## DIRECTIONS FOR THIS TASK
Without including any pictures, reproduce the full listing exactly.

## DATASET SECTION
====

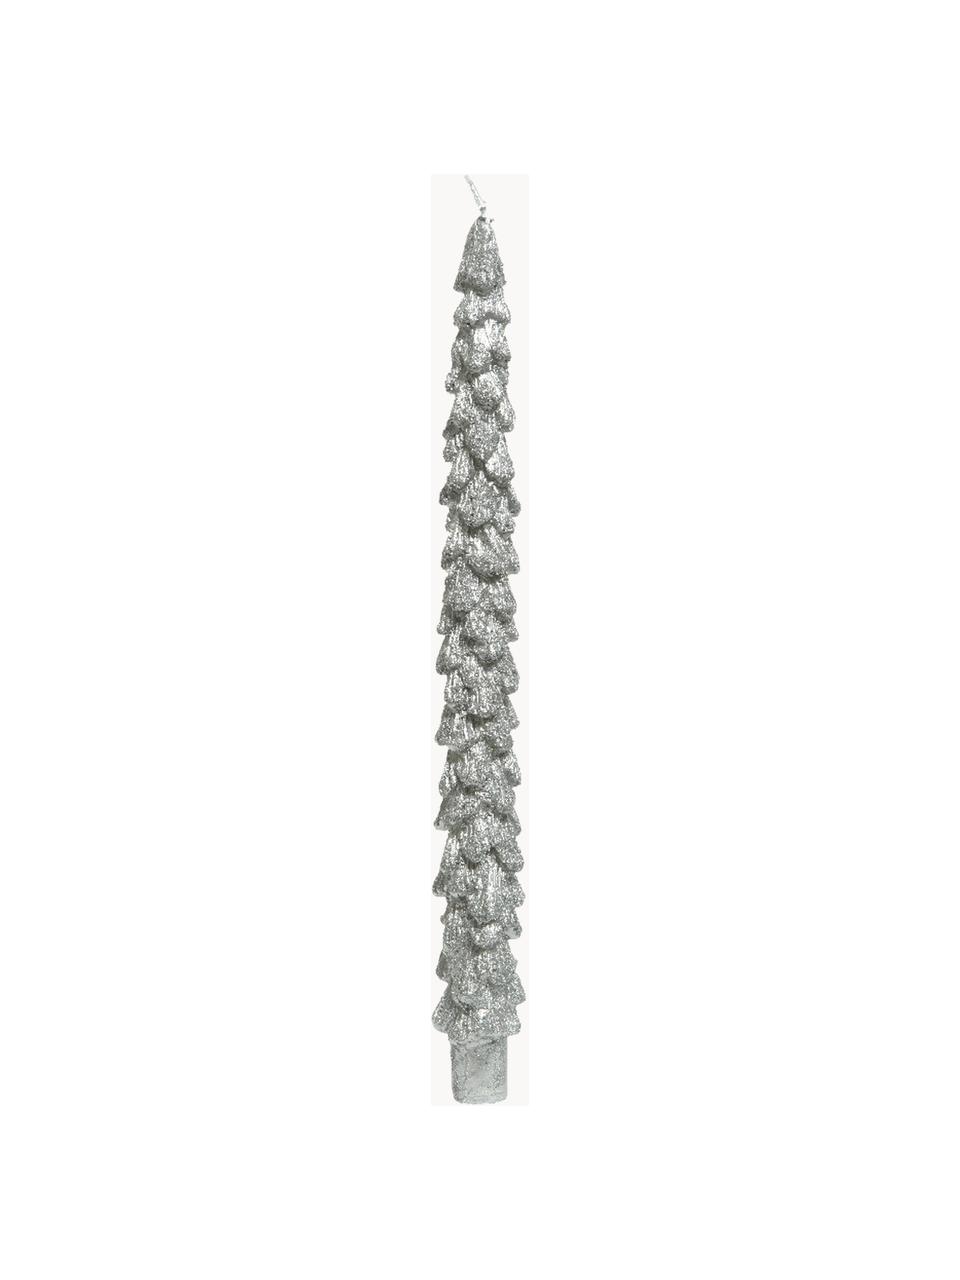 Stolní svíčky ve tvaru vánočního stromečku Monika, 2 ks, Vosk, Stříbrná, Ø 2 cm, V 26 cm
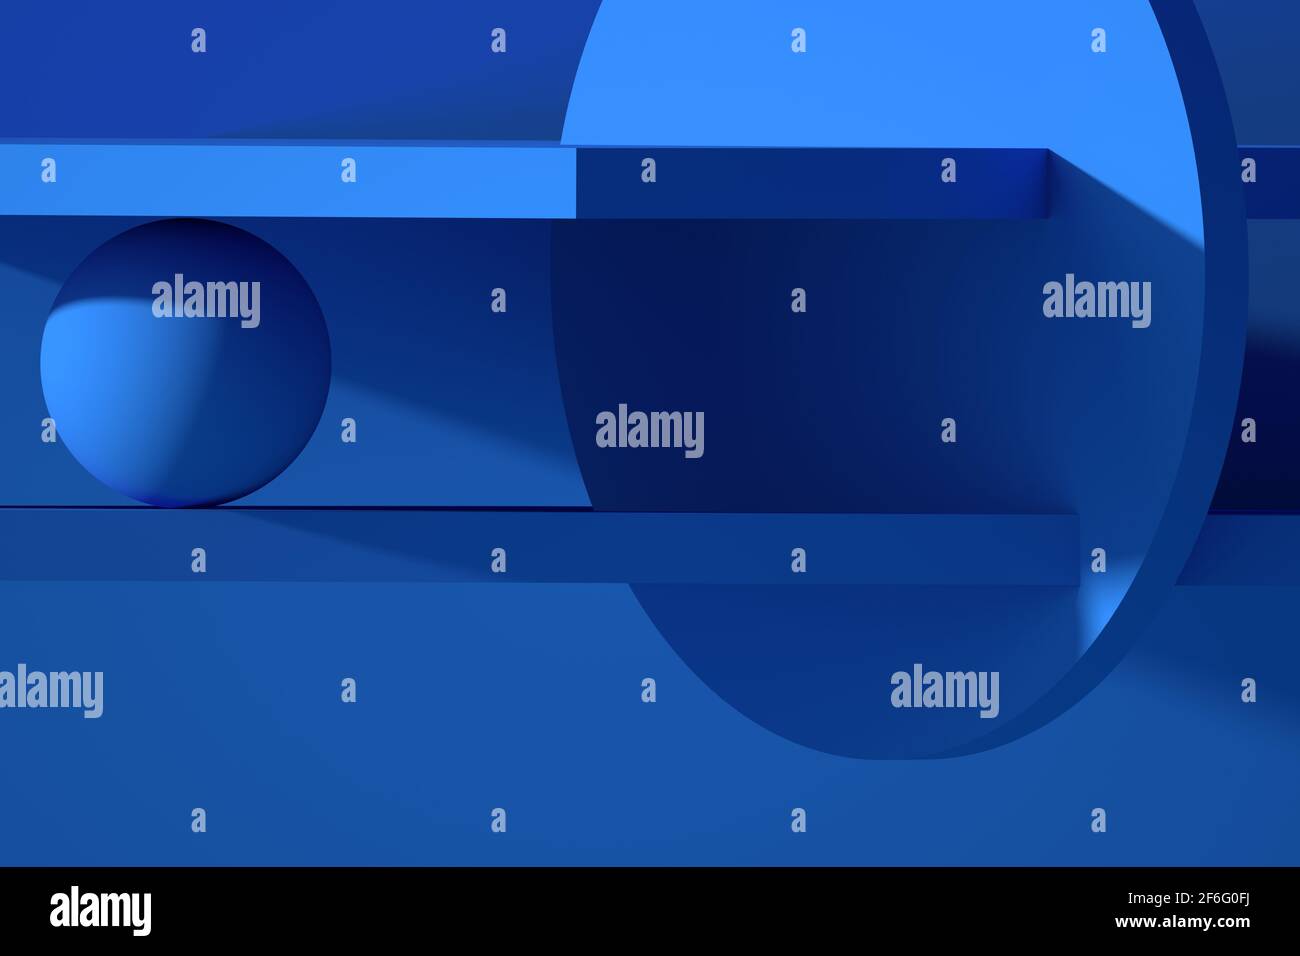 Bleu abstrait installation minimale de formes géométriques, illustration de rendu 3d Banque D'Images
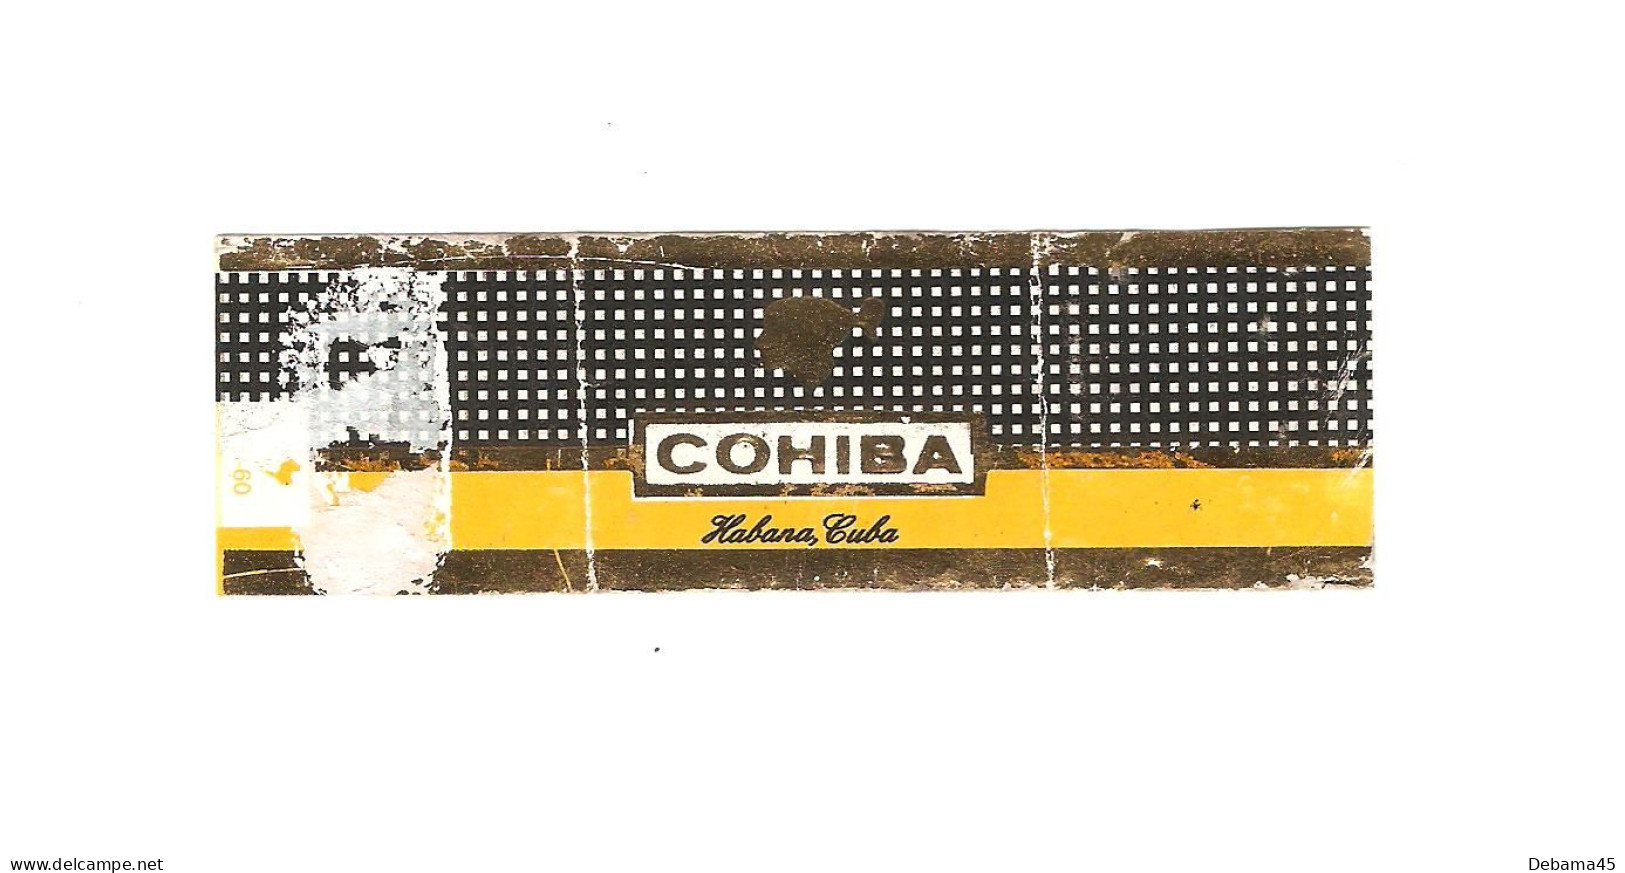 620/ Bague De Cigare : CUBA : Cohiba : Habana Cuba - Cigar Bands

====

## ANSWER SPACE
 Stolní svíčky ve tvaru vánočního stromečku Monika, 2 ks, Vosk, Stříbrná, Ø 2 cm, V 26 cm
 Bleu abstrait installation minimale de formes géométriques, illustration de rendu 3d Banque D'Images
 620/ Bague De Cigare : CUBA : Cohiba : Habana Cuba - Cigar Bands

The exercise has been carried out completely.